Why put yourself through it? If something is painful
 and pointless, you should stop doing it.

Children and happiness


Most of the happiness data shows having children to be neutral at best. We’re told to say our kids are the most amazing things that ever happened to us, but no one’s a bundle of joy 24 hours a day.

The worst thing imaginable would be for something to happen to my kids, but they still bring lots of stress and worry that I didn’t have before I was a dad.

What I would say is that they’ve given my life more purpose, and that helps with happiness. But when people say they’re perfectly happy without children, we don’t have to presume they’re lying!

Technology and happiness

Everyone’s posting on Facebook about what 
a brilliant time they had last night and you think: “My life’s so grim”. By comparison, misery comes from that.

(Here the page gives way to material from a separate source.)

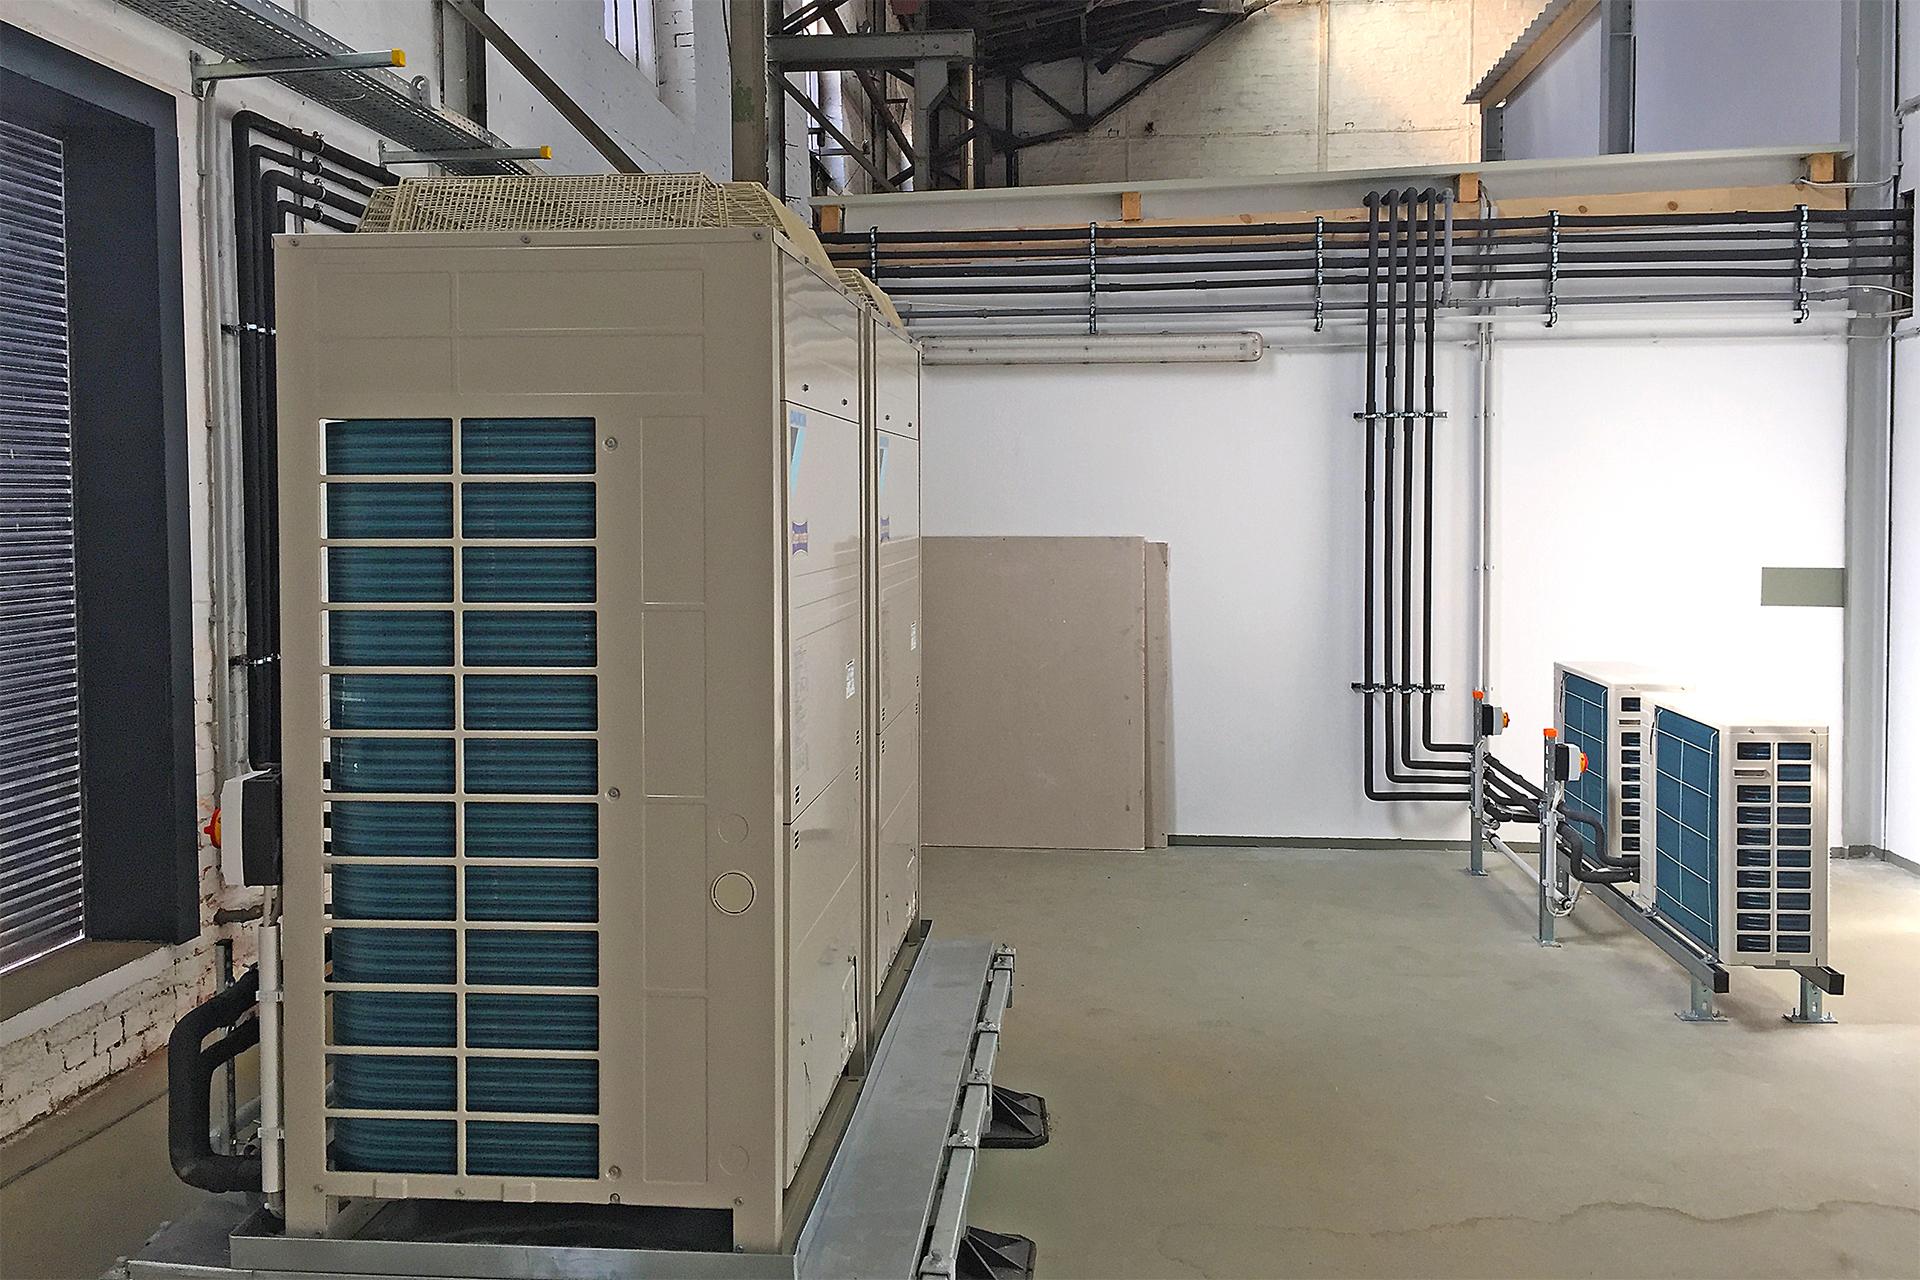 Klimatechnik - Klima-Installation Industrie

But there’s also the happiness of contagion. Happy posts can make people reading them feel happier. If you’re using virtual interaction as a substitute for face-to- face relationships then you’re less happy, but
 if it’s complementary, it can make you happier.

I strongly suggest that people turn off their mobile for a bit each day, otherwise your attention is constantly drawn to it. I’ve identified “phantom vibration syndrome”, when you think you’ve got a message and you look at your phone but you haven’t. We’ve become addicted to technology and it’s not good.

Finding happiness after loss

All the evidence suggests that we’re remarkably resilient creatures. Our psychological immune system kicks in to familiarise the pain of loss and, in time, we’re all right again.

I know it might not help how you feel now, but the pain that you’re feeling isn’t going to last forever.

Finding happiness after divorce

After a break-up, most of us end up with someone better than that idiot we were with before, even if we did think we were going to spend the rest of our life with them.

When people get divorced, their happiness actually starts to bounce back in a way that it doesn’t with separation.

Separation comes with uncertainty and uncertainty is very attention-seeking. My advice is to be brutally honest with the other person and – as soon as you reach the conclusion yourself – tell them that there’s no prospect of getting back together.

We sometimes think closure feels like a bad thing, but that’s a very good example of how our behaviour can be inconsistent with what makes us happiest.

The secret to happiness

I think you’re as happy as you can possibly be when you have the right balance of pleasure and purpose in your life.

Some people are pleasure machines, some are purpose engines, but if you’re at either extreme, you’d be happier if you gave up a bit of what you have a lot of.

If you have a pleasure-seeking life and decide to spend 20 minutes every day doing something that feels purposeful, like gardening or volunteering, you’ll probably be happier – but it’s certainly not the same for everyone.